Lagalisse is one of those exceptional scholars who manages to follow a clear line of argument while also dropping profound commentaries on a variety of other topics as she goes. She provides, almost in passing, a brilliant and ruthlessly incisive take-down of the performative allyship of academic elites toward persons of oppressed identities (this, she says, all too often “consist[s] in valorizing one’s self vis-à-vis one’s peers… instead of constituting tangible benefits for the persons with whom one is ‘allied'”). There’s also an excellent critique of performative politics – “good politics” – and its racist consequences. Identity-policing and call-out culture is more often than not a matter of semantics, where the people being called out are not necessarily trying to be racist or oppressive, but simply lack the sophisticated verbiage of the people doing the calling out. “As a consequence,” she writes, “articulate students of Edward Said or well-spoken sexists may enjoy ‘good politics’ simply because they cite and reiterate their bourgeois self-detachment (‘reflexivity’) by way of choicefully framed speeches.”
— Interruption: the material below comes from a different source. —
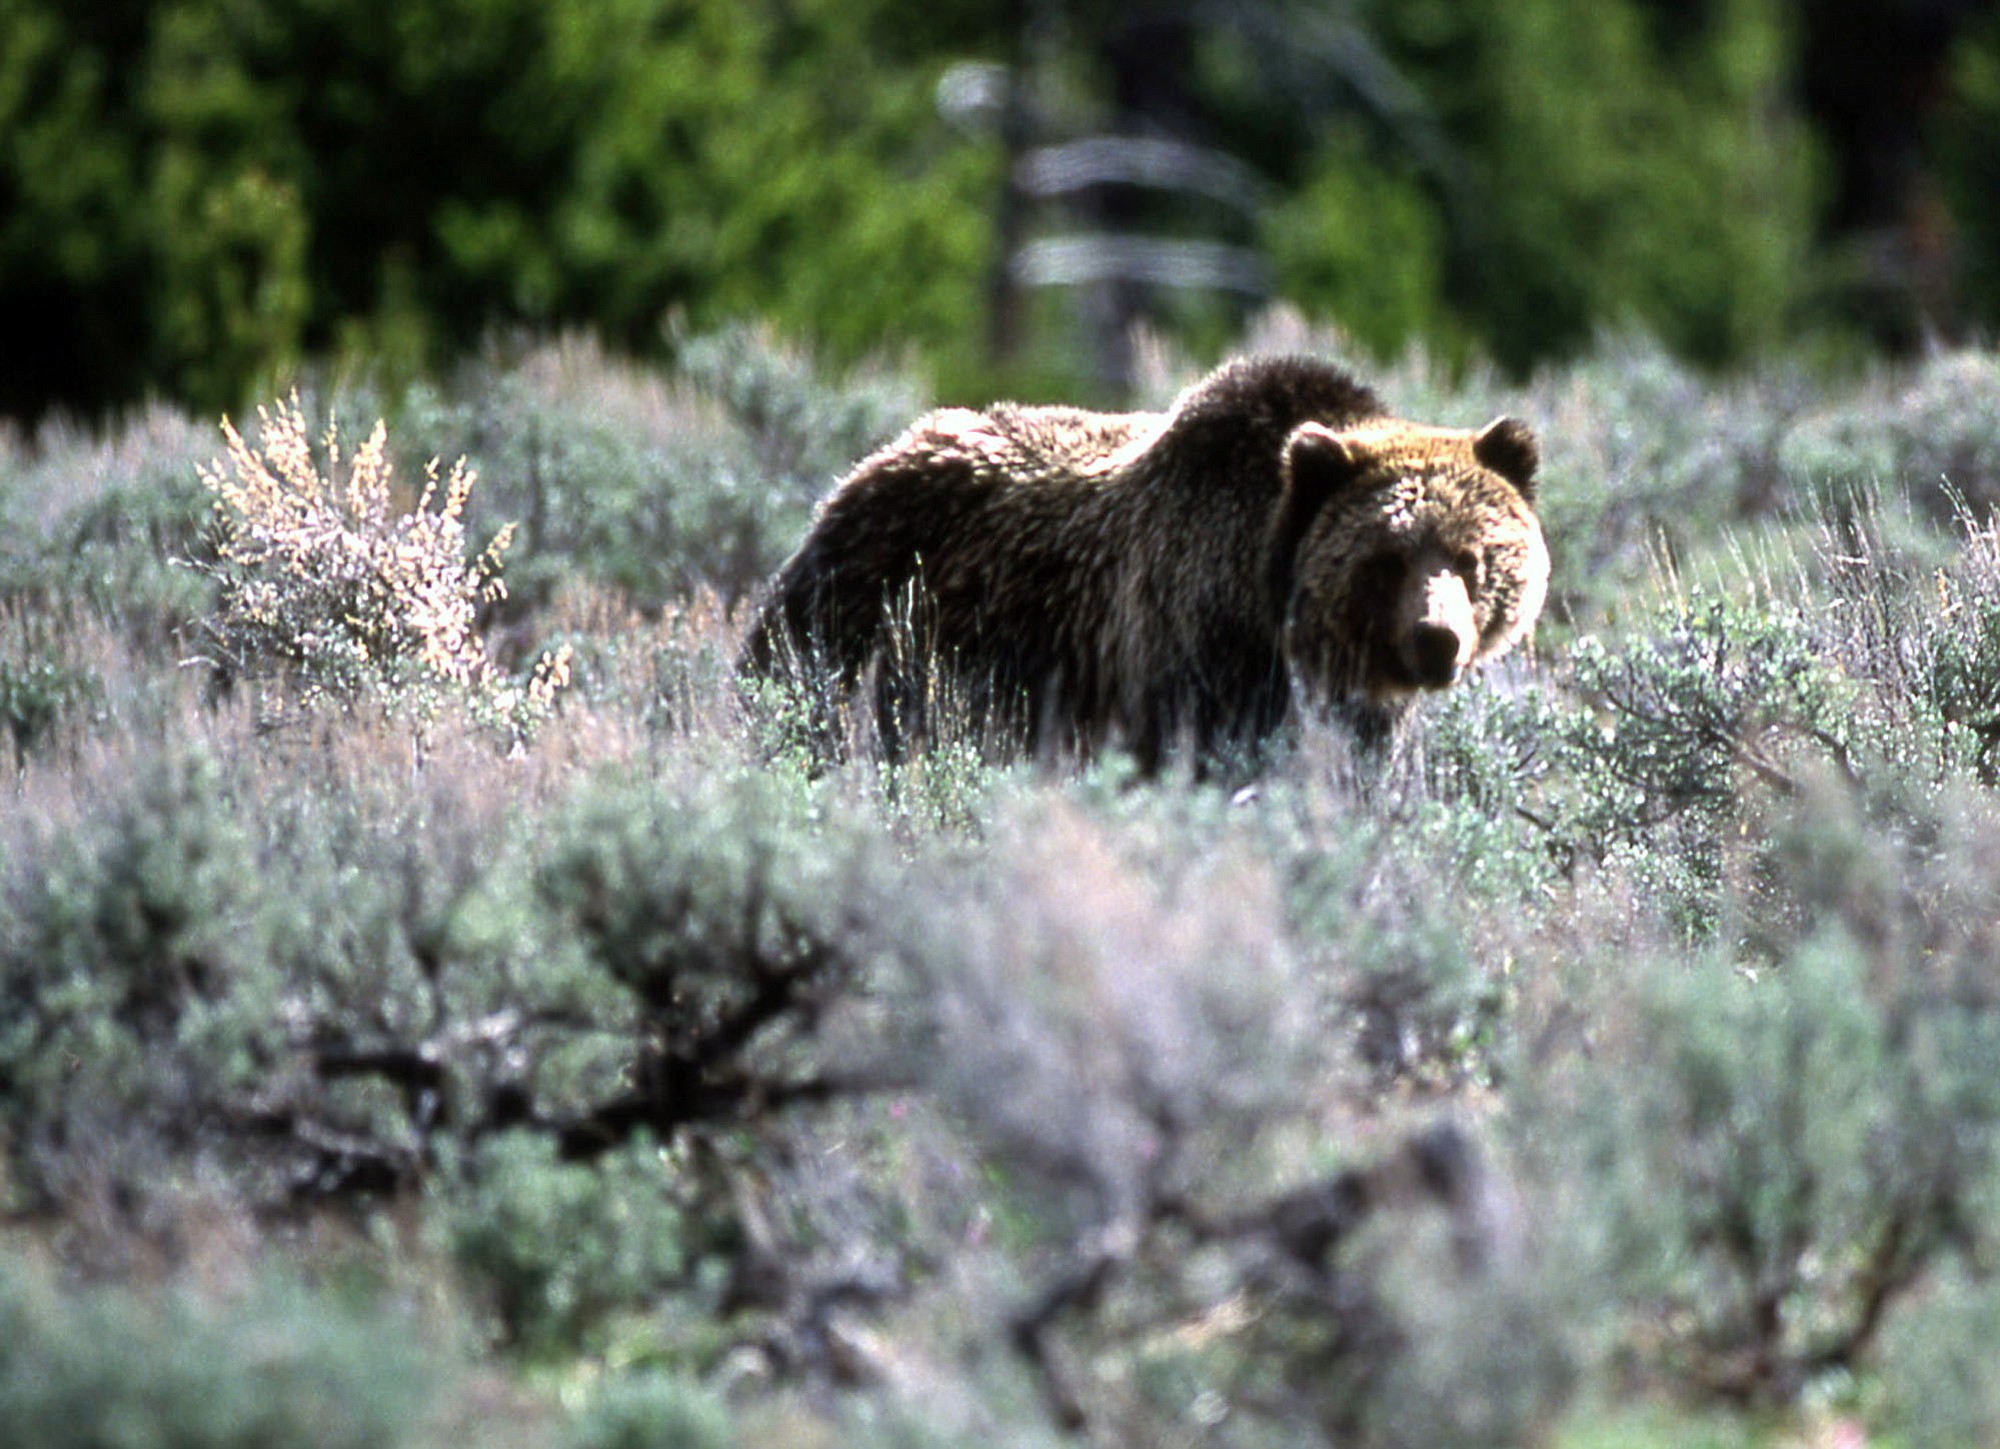 A grizzly bear passes through a meadow in Yellowstone National Park in Montana.
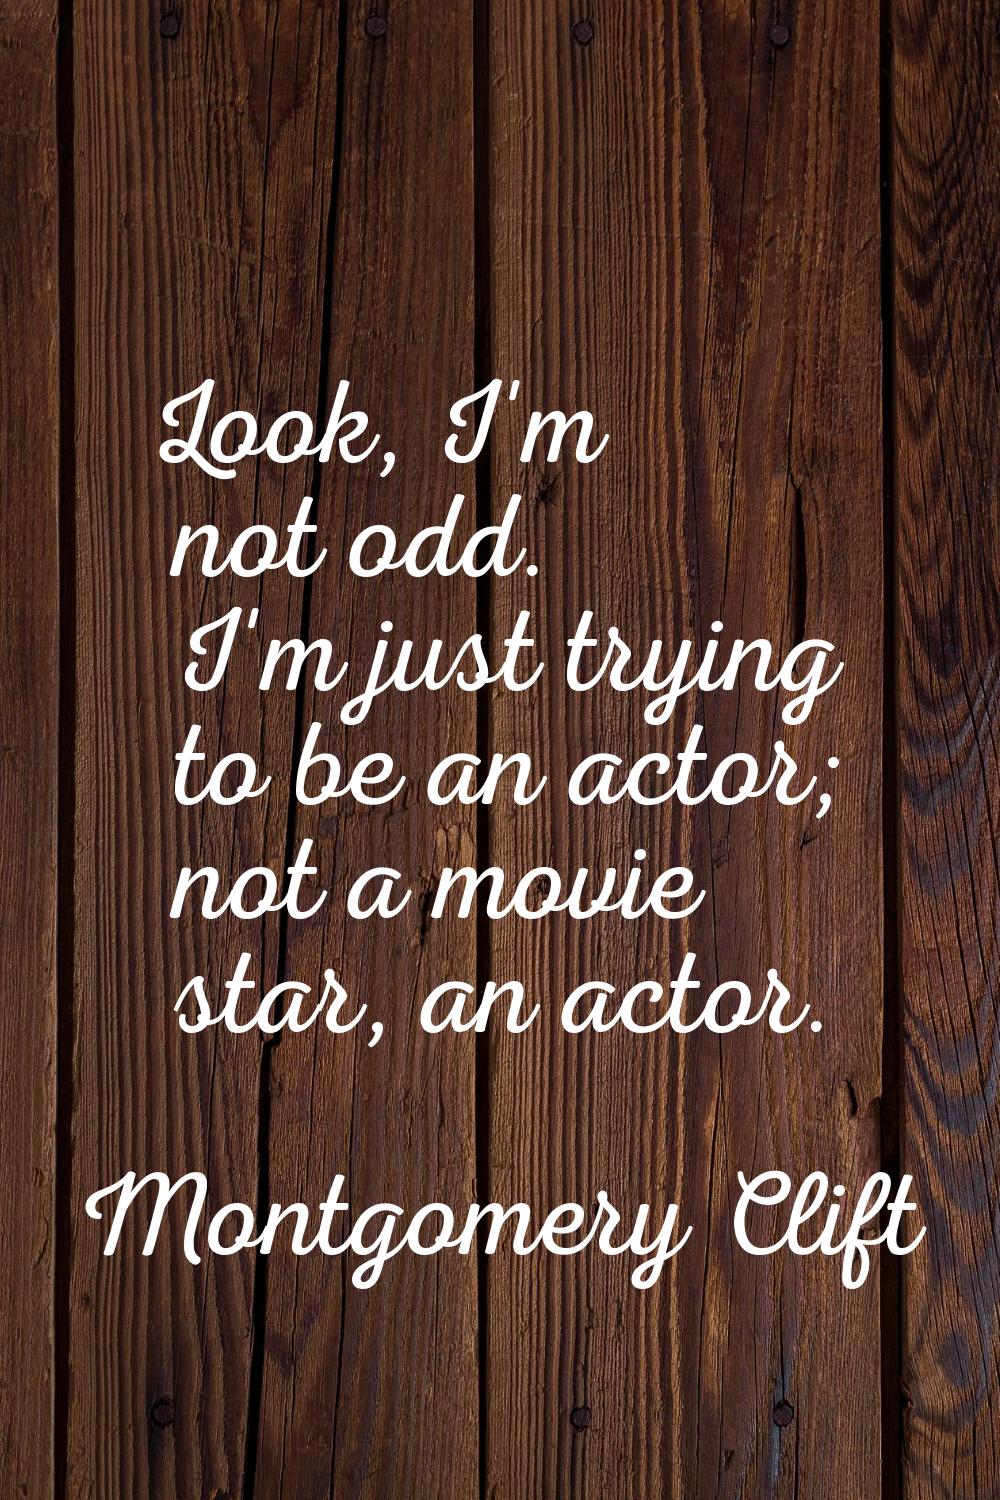 Look, I'm not odd. I'm just trying to be an actor; not a movie star, an actor.

The people who lack the sophisticated language necessary to engage in performative politics are more often than not the poor and working class. Put another way, she continues, “it is common for diverse professional-class activists to enjoy locating racism, sexism, homophobia, etc. among (diverse) working-class subjects… as in this way they may take the critical lens off themselves.”
This, she observes – bringing the argument back to her primary topic with a masterful flourish – is not so far off from what’s going on with conspiracy theories. The broad public understands they are being manipulated, but lack the sophisticated language of intellectual elites with which to articulate that process. “[A]s a university professor I may respectably discuss Central Intelligence Agency involvement in drug trafficking, yet a truck driver who says the same thing is often tossed off as a ‘crazy conspiracy theorist,'” she observes.
Lagalisse acknowledges that her book is mostly a cursory historical survey, coupled with some provocative argumentative essays, but it’s a rewarding, thought-provoking and densely intellectual one. There’s a tremendous amount packed into these few short pages, which offer superb and valuable reading for the academic theorist and the on-the-ground activist alike. The takeaway message for both is this: the next time your neighbour or taxi driver starts spinning what you think is an incredulous conspiracy theory, don’t just glaze over or change the subject. Instead, try and listen to what they’re saying, and maybe engage with them. By filleting away the anti-Semitism and the lizard-men, you might discover you’ve got more in common than you think.